Меня подвели к неглубокой, едва ли в метр, ямине в песке. Приказали стать на край. Я стал. Петренко вскинул винтовку. Ощущения нереальности происходящего, отстраненности не было. Я очень хорошо понимал, что стою на краю песчаной ямы, и это именно меня сейчас расстреляют, а потом закопают в песке под сосной, именно мне в лицо смотрит черный, жирный зрачок винтовочного дула. Но почему-то нисколько не боялся. Выстрела я не услышал – солнце вдруг покатилось под ноги, и стало темно.

Когда планировалась «Барбаросса», немецкий Генштаб посчитал обширный район болот в среднем течении Припяти и Березины непроходимым. Танковые клинья армейских групп «Центр» и «Юг» обошли болота, а в них и за ними стягивались, скапливались разбитые имперские части. В конце концов Гудериан и Клейст были вынуждены принять меры и выкурить из трясин изголодавшихся имперских солдат. Но болота отчасти оправдали свою репутацию непроходимых и остались занозой в немецком боку вплоть до лета сорок четвертого. Оружием они были набиты под завязку.
В имперские времена на болота особо не совались. Изрядную их часть отдали под заповедники, закрытые охотничьи угодья имперской аристократии. Непрошеный гость рисковал нарваться на серьезные неприятности с егерями или быть подстреленным и посмертно зачисленным в вооруженные браконьеры. В редких деревнях милиция бдительно отслеживала чужаков. Сунувшийся в болота по возвращении нередко обнаруживал свою машину разбитой вдребезги. Жители платили егерям дань. Те делились данью с милицией, система охраны работала безукоризненно. Не трогали только научные экспедиции.
После же распада империи жители обнищали, егерям почти перестали платить, и они принялись добывать деньги сами. Кое-кто начал браконьерничать, но более умные, объединившись, быстро и беспощадно навели порядок и стали зарабатывать деньги организованно. При заповедниках возникли фирмы, продававшие охотничье-рыболовные туры для богатых иностранцев. Предлагали и экзотику вроде охоты на кабана с рогатиной. В первый же сезон нерешительно завышенную цену подняли в пять, а потом в десять раз – желающие всё равно валили валом. Егеря, отваживавшиеся сопровождать западных любителей острых ощущений на охоту с рогатиной, строили в окрестных деревнях многоэтажные коттеджи с готическими башенками и покупали американские болотоходные джипы.

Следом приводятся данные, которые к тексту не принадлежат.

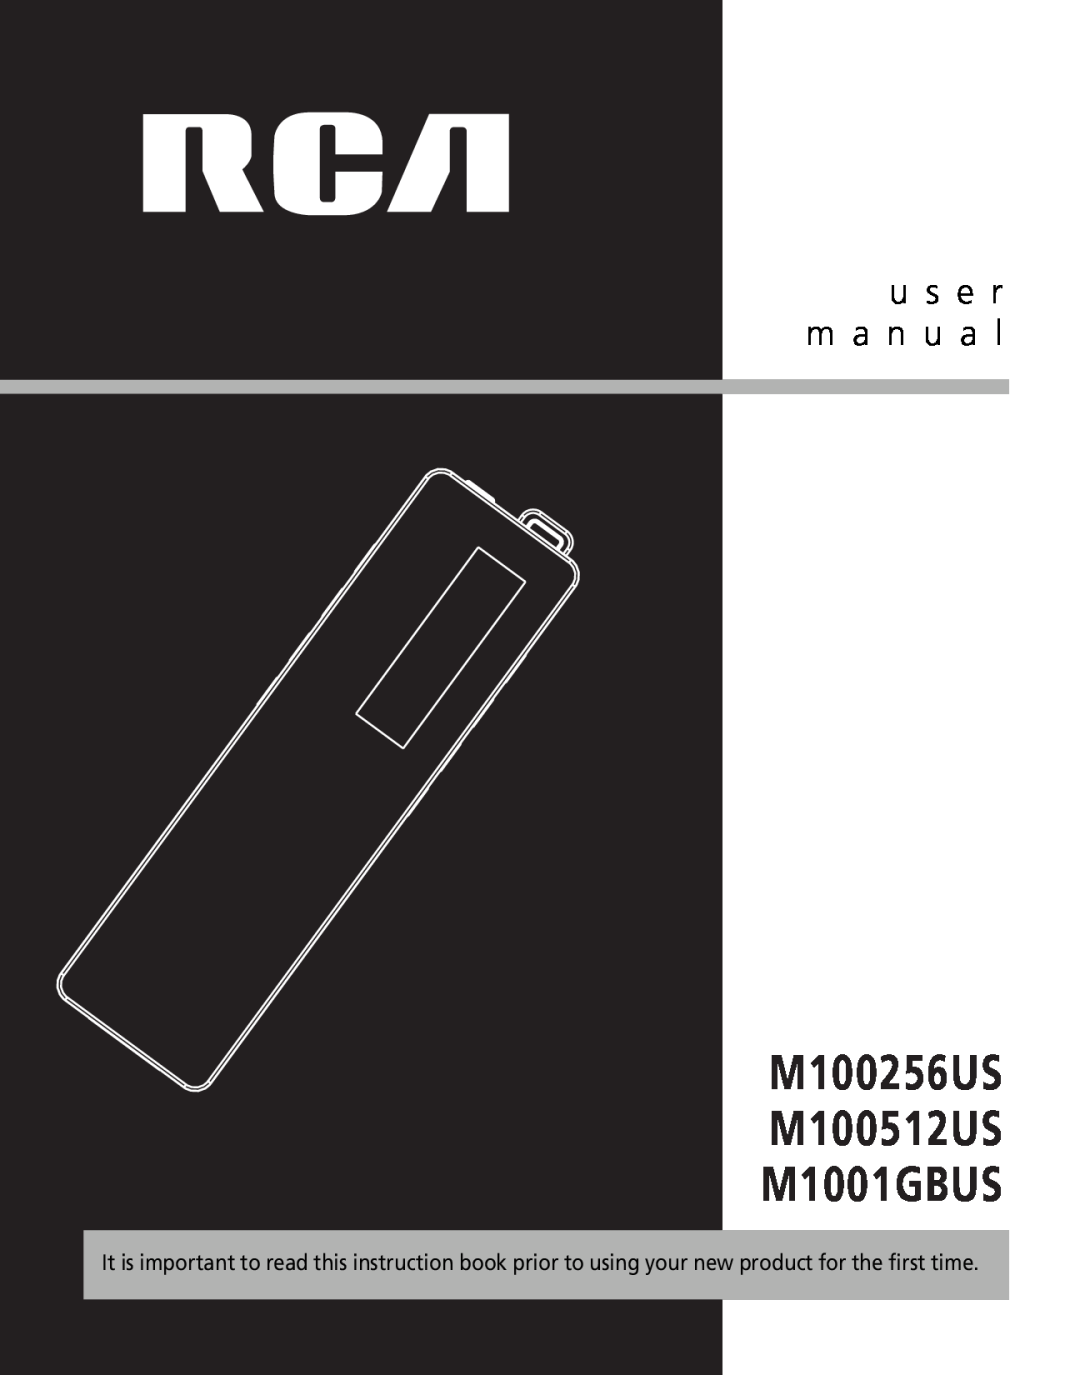 RCA user manual u s e r m a n u a l, M100256US M100512US M1001GBUS

А еще егеря допустили на болота искателей старого оружия. Разумеется, не бесплатно. Чем больше былучасток, чем более заповедным, чем большего количества техники для поисков требовал, тем дороже стоил. Егеря к тому же обеспечивали безопасность, и копателям не приходилось опасаться грабителей и конкурентов. А егеря не боялись никого и ничего, трусливых за десять послеимперских лет среди них, в полном соответствии с дарвиновской теорией, не осталось. Егеря носили длинноствольные, отлично пристрелянные «лоси» и «сайги» с ночной оптикой и подсветкой, стреляли навскидку и могли сутками сидеть по шею в глее, подкарауливая непрошеных гостей. Местная милиция видела сны о пятнистых егерских комбинезонах и робко смотрела их обладателям в рот. Но всевластными егеря были только на своих прикрытых статусом заповедника болотах.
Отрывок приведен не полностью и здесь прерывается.